Everything in the data except the pictures belongs in your answer, copied exactly.

**RAW DATA:**
::::::::::
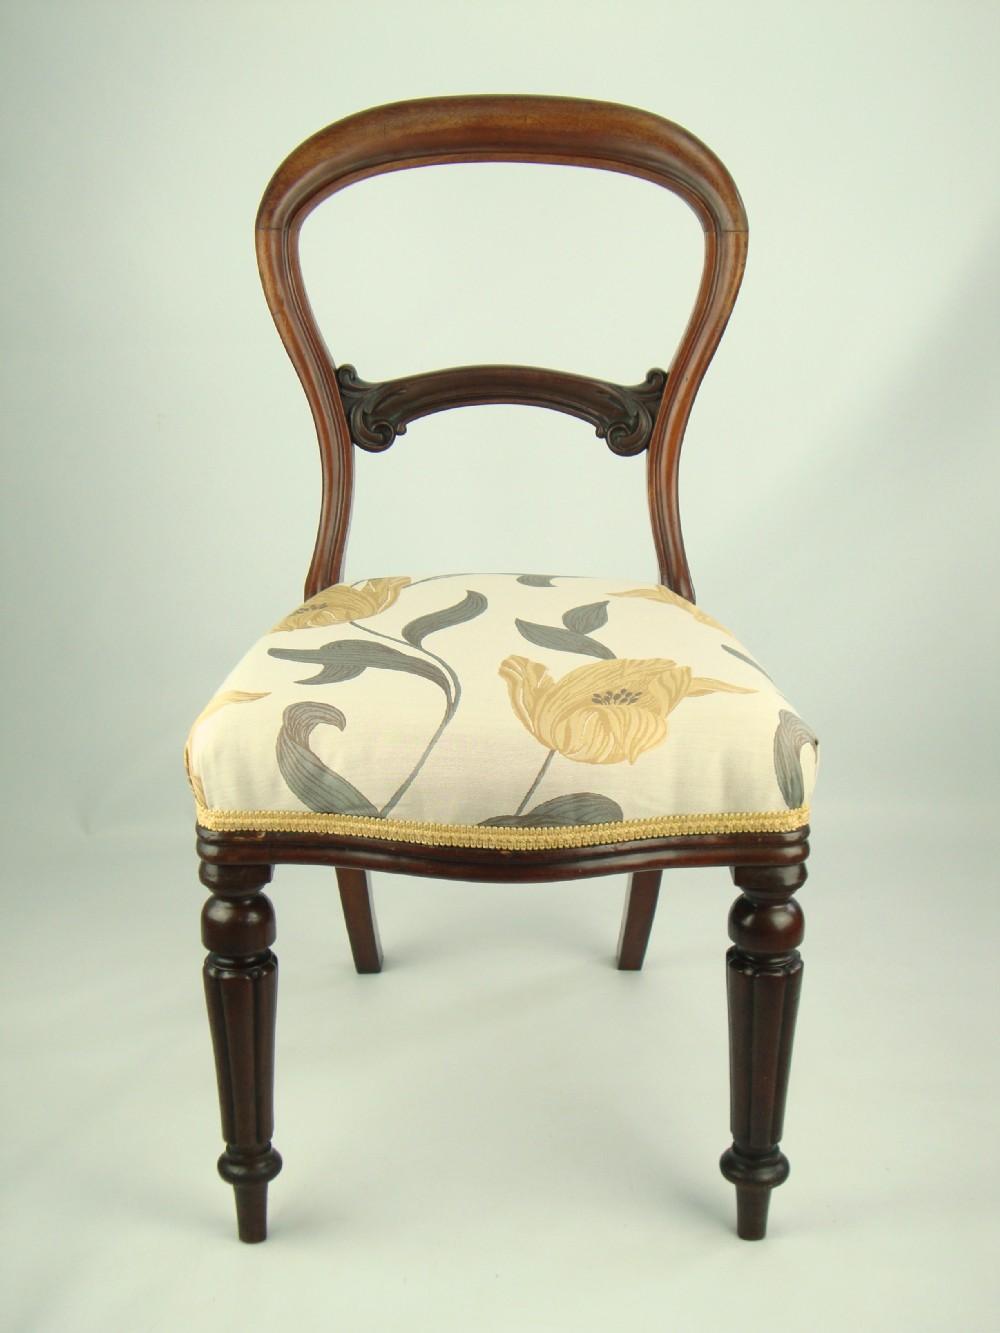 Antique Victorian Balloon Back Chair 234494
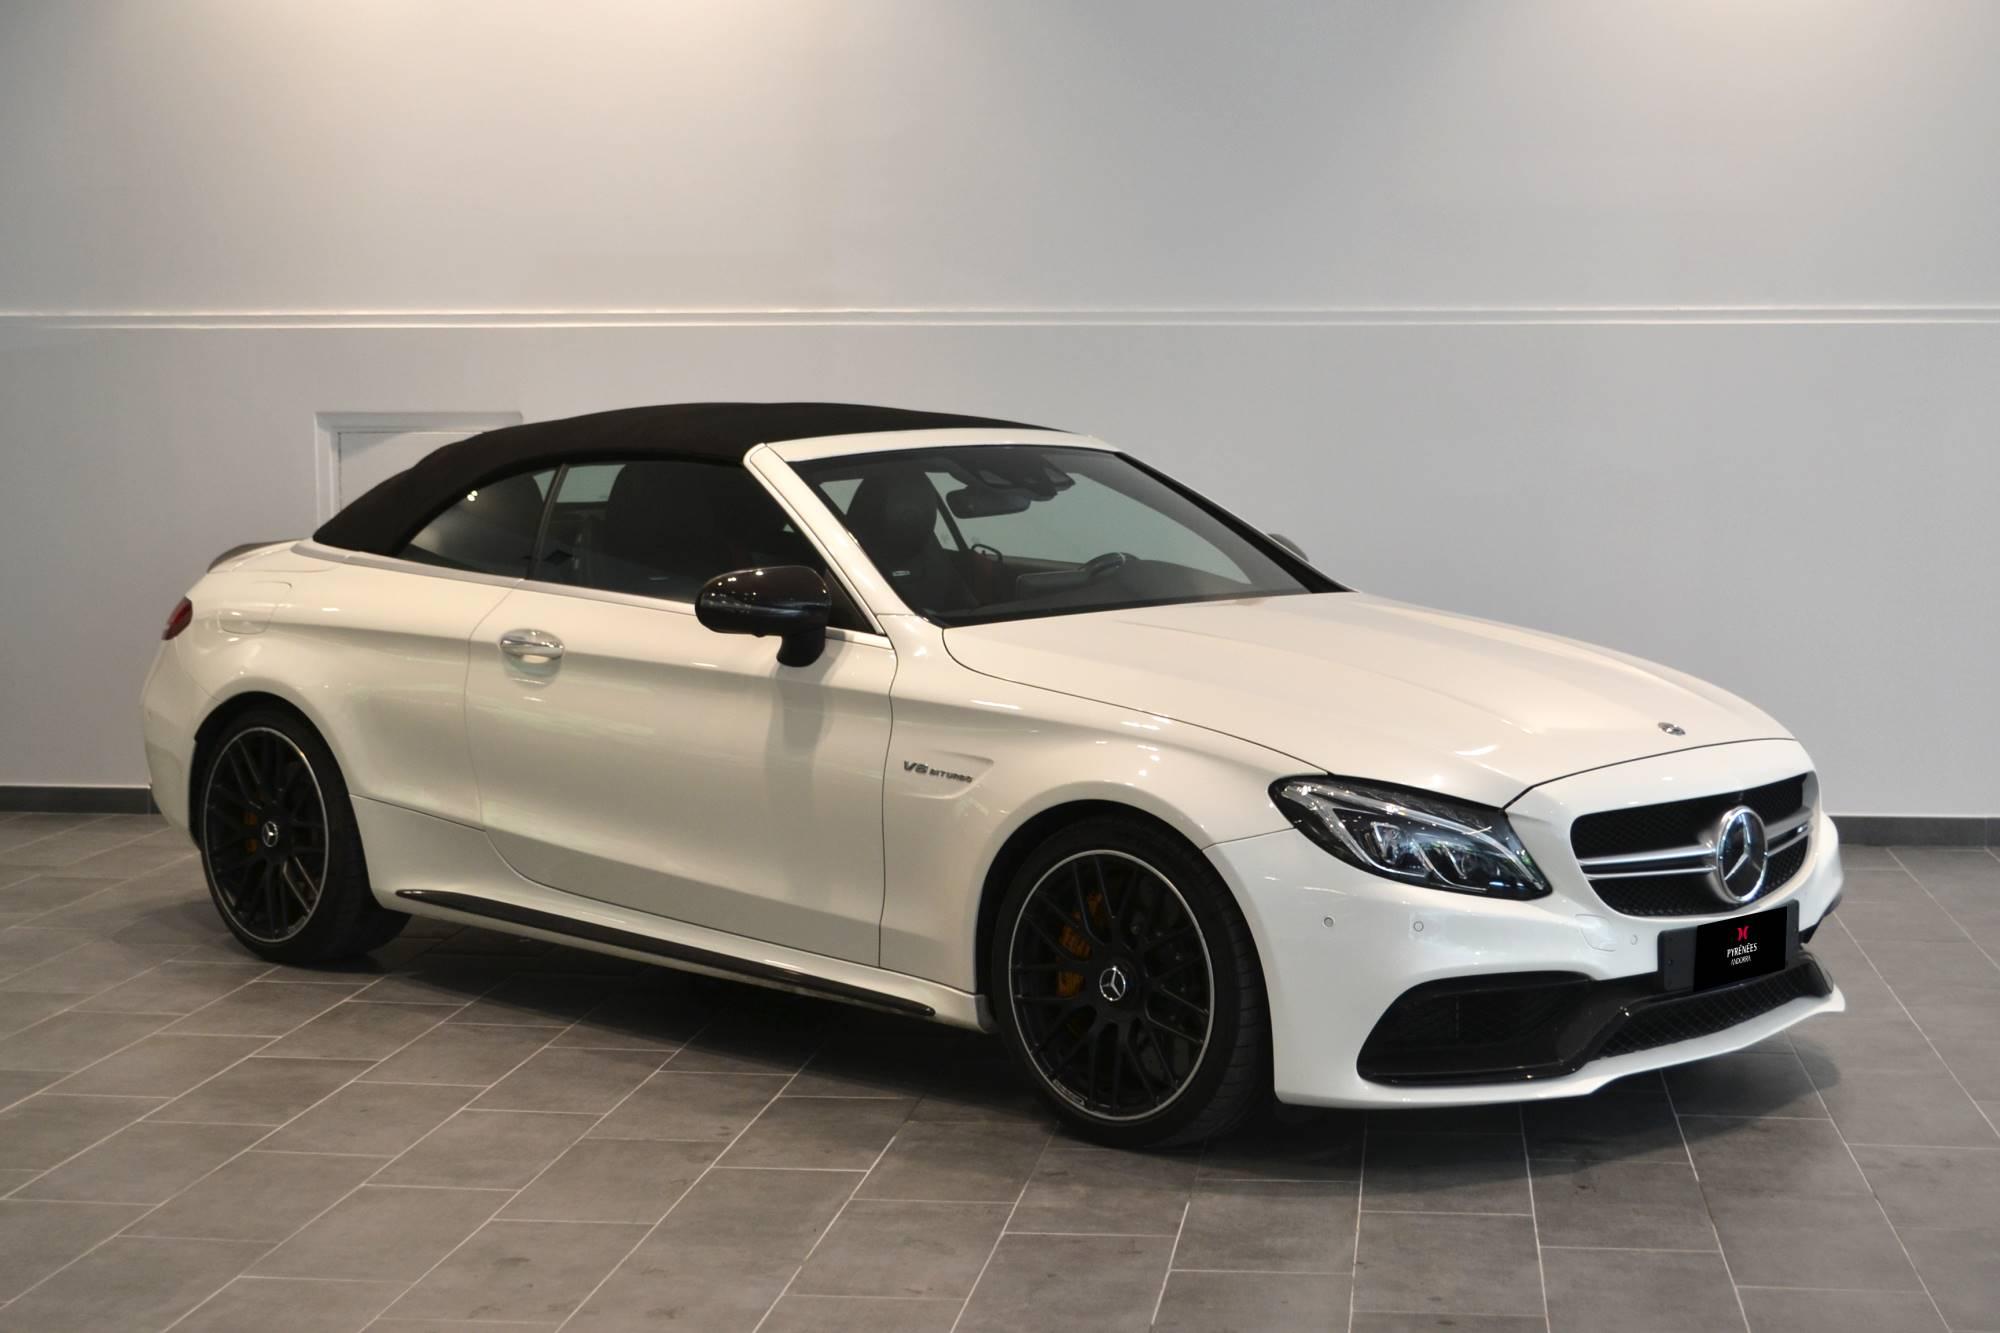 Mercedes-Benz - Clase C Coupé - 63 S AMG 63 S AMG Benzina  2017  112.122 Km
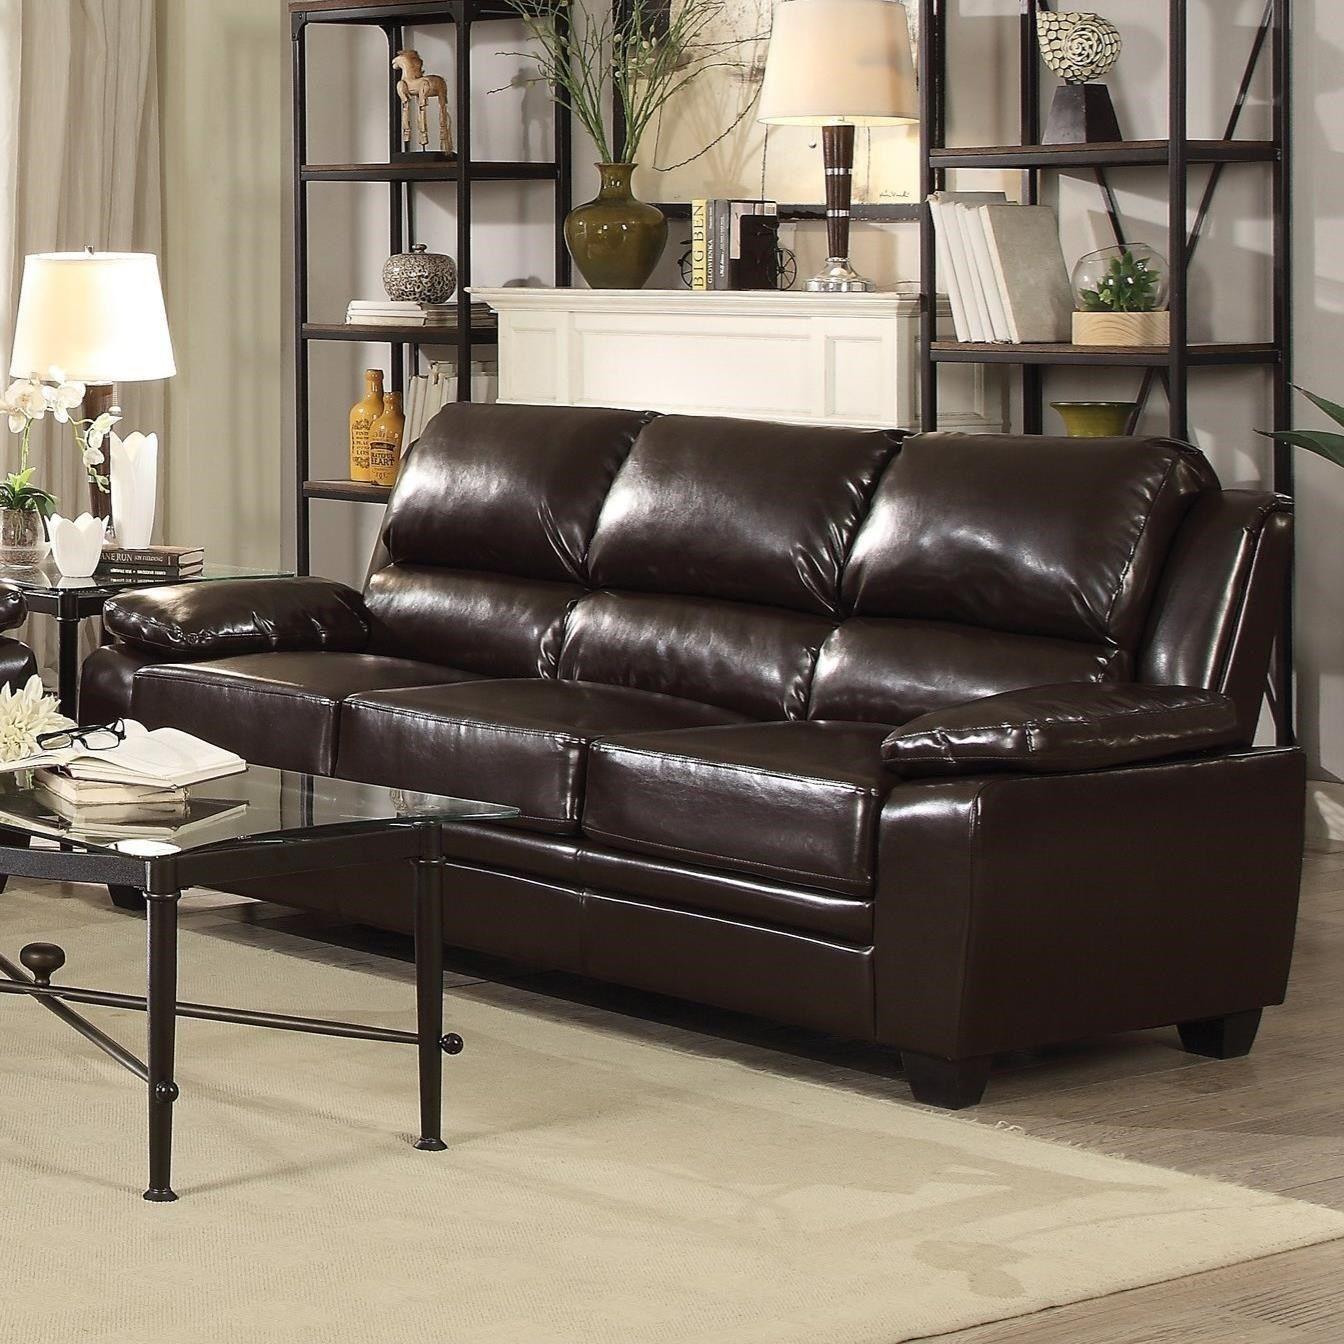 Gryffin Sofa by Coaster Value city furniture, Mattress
::::::::::
**SOLUTION TO THIS PROBLEM:**
 Antique Victorian Balloon Back Chair 234494
 Mercedes-Benz - Clase C Coupé - 63 S AMG 63 S AMG Benzina  2017  112.122 Km
 Gryffin Sofa by Coaster Value city furniture, Mattress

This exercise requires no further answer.